高頻度広域大気観測データから見えてきたもの

Summary

なぜ定期旅客便なのか

写真1

 地球大気の変動を密に観測するためには、設備の整った地上において連続的に測定を行うことが一番です。しかし地上での観測は大気の一部を見ているに過ぎません。地球規模での温室効果ガスの循環を理解するには大気を3次元的に観測する必要がありますが、地上以外の観測データは極めて不足しています。上空のデータを得るには航空機観測が最も効率的ですが、航空機のチャーターは高額で、観測頻度も観測域も限定されてしまいます。定期旅客便は搭載する観測機器や機器を搭載しての運航の安全性を証明する手続きに時間と手間がかかりますが、航空会社の協力が得られれば極めて魅力的な観測手段になります。

2つの観測装置

 CONTRAILとはComprehensive Observation Network for Trace gases by Airliner の略で、「飛行機雲」というイメージと重ね合わせました。CONTRAILでは2つの観測装置を開発し、旅客機に搭載しています(図3)。1つはASEと呼ばれる自動大気サンプリング装置(Automatic Air Sampling Equipment)で、12本の金属製サンプリング容器に上空の大気を詰め込んで持ち帰ることができます。ASEは1993年から気象庁気象研究所が日本航空(JAL)と日航財団と共同で実施された旧JAL観測でも使われていましたが、CONTRAILでは機体の位置情報を取り込む機能を加えて、あらかじめ決められた位置でサンプリングができるようになりました(旧ASEはタイマーを使って一定時間ごとに空気を詰めていました)。

航空機に搭載している観測装置
図3 CONTRAIL プロジェクトで観測に使われている機体と開発された2つの観測装置
 2014年1月の時点で、JALが運航する8機のボーイング777-200ER型機に観測装置を搭載することが可能になっています。
 いずれの装置も客室の床下に位置する貨物室が搭載場所です。
 二酸化炭素濃度連続測定装置(CME)は前方貨物室に搭載可能で、離陸直後から着陸直前まで飛行中に連続して二酸化炭素濃度を測ります。
 自動大気サンプリング装置(ASE)は後方貨物室に取り付けられます。中には12本の金属製容器が入っており、上空の12カ所で空気を採取できます。飛行後は直ちに環境研に持ち帰って、二酸化炭素ばかりでなく、メタンなど他の温室効果ガスや関連ガスの濃度、さらには同位体比の分析も行います。

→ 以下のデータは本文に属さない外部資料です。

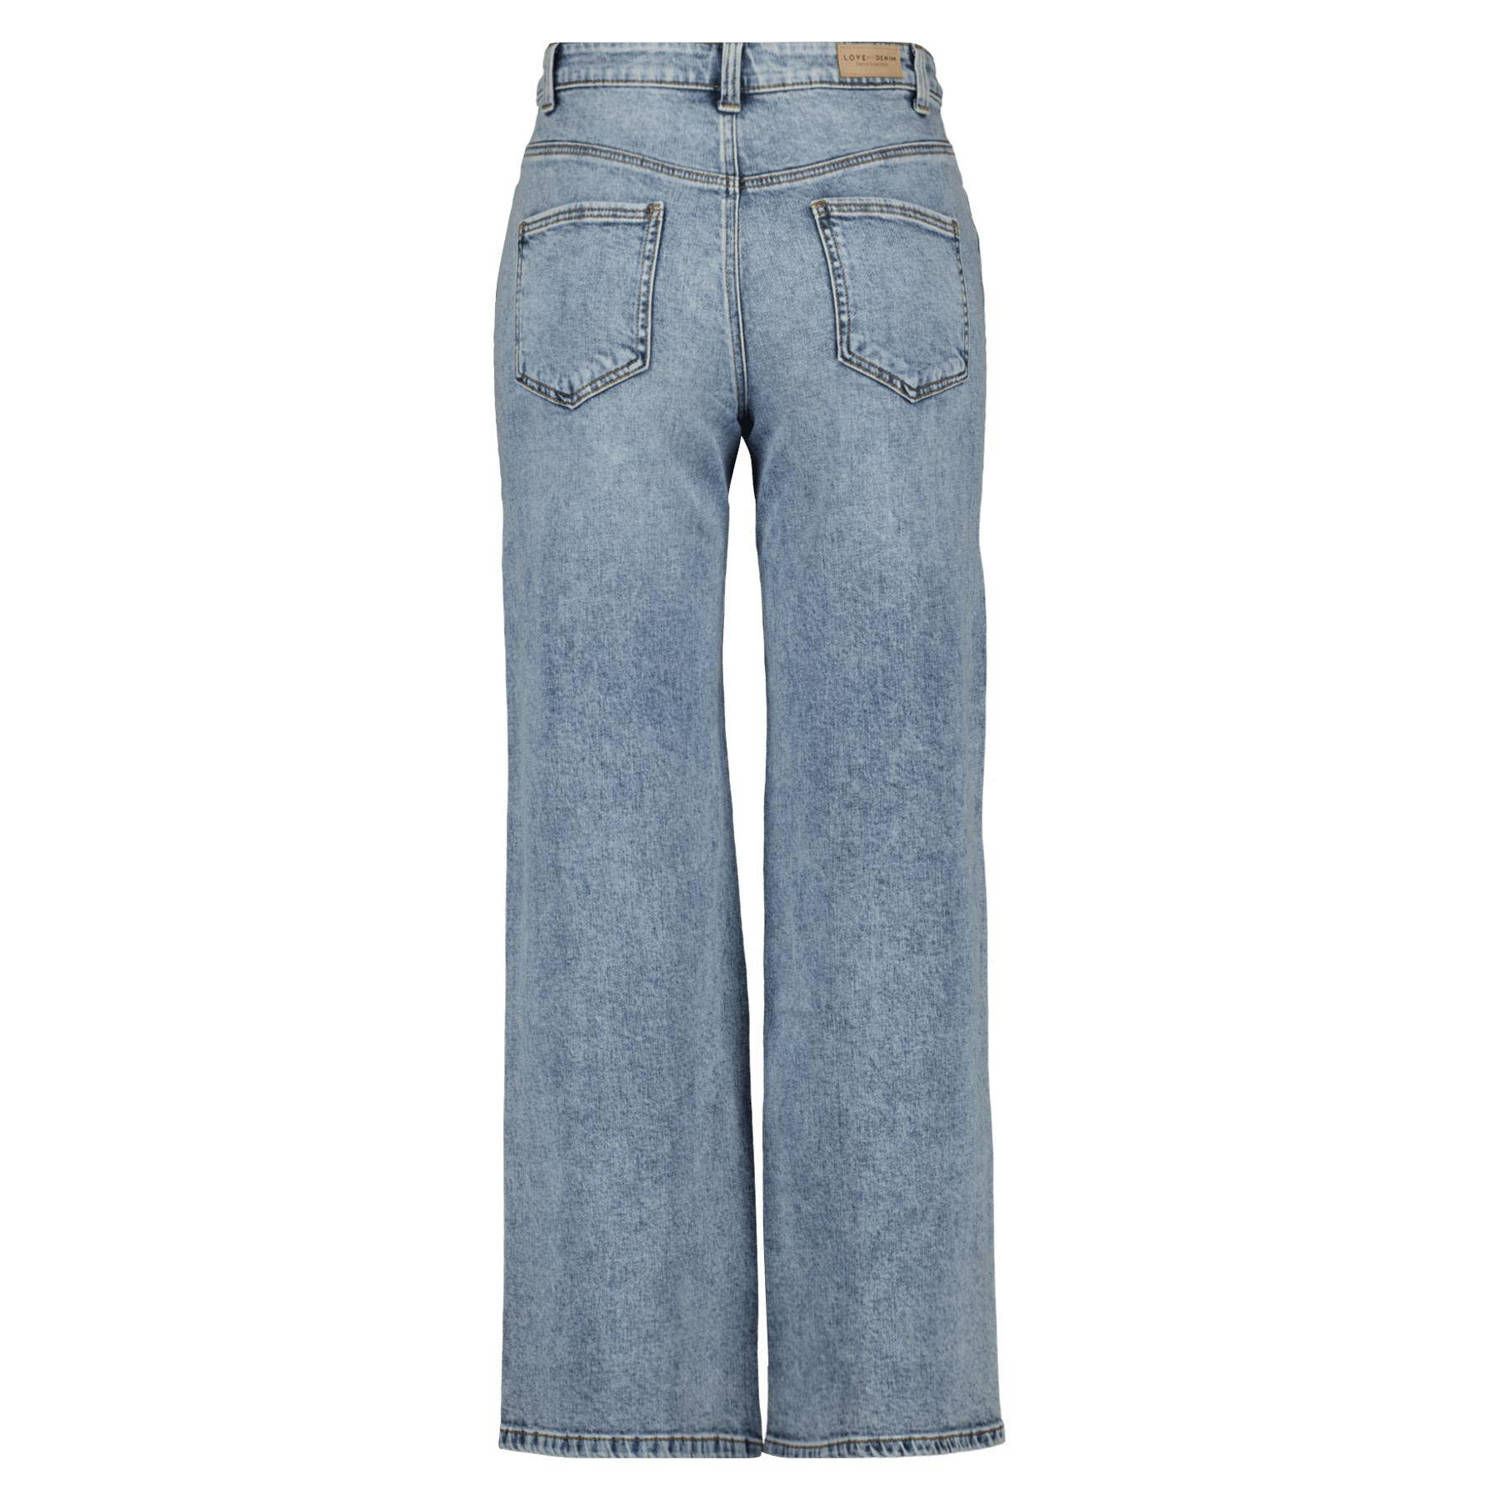 MS Mode high waist jeans light blue denim

 ASEはフライトの翌日に環境研に届けられ、サンプル中の二酸化炭素、メタン、亜酸化窒素、六フッ化硫黄、一酸化炭素、水素の6種類の微量成分の濃度とそれらの同位体比を分析します。ASEは月に2回、オーストラリアから日本に飛ぶフライトで観測を行っています。2012年からは国立極地研究所のプロジェクトで欧州から日本へのフライト中に北極圏上空の大気サンプリングを始めました。現在ではJALが運航する8機の777-200ER型機にCMEが搭載可能で、そのうち5機にはASEも搭載することができます。CMEはいったん搭載されると1ヵ月から2ヵ月の間ずっと二酸化炭素濃度を観測します。CMEは二酸化炭素濃度しか測定できませんが、観測頻度、観測範囲が大きく向上します。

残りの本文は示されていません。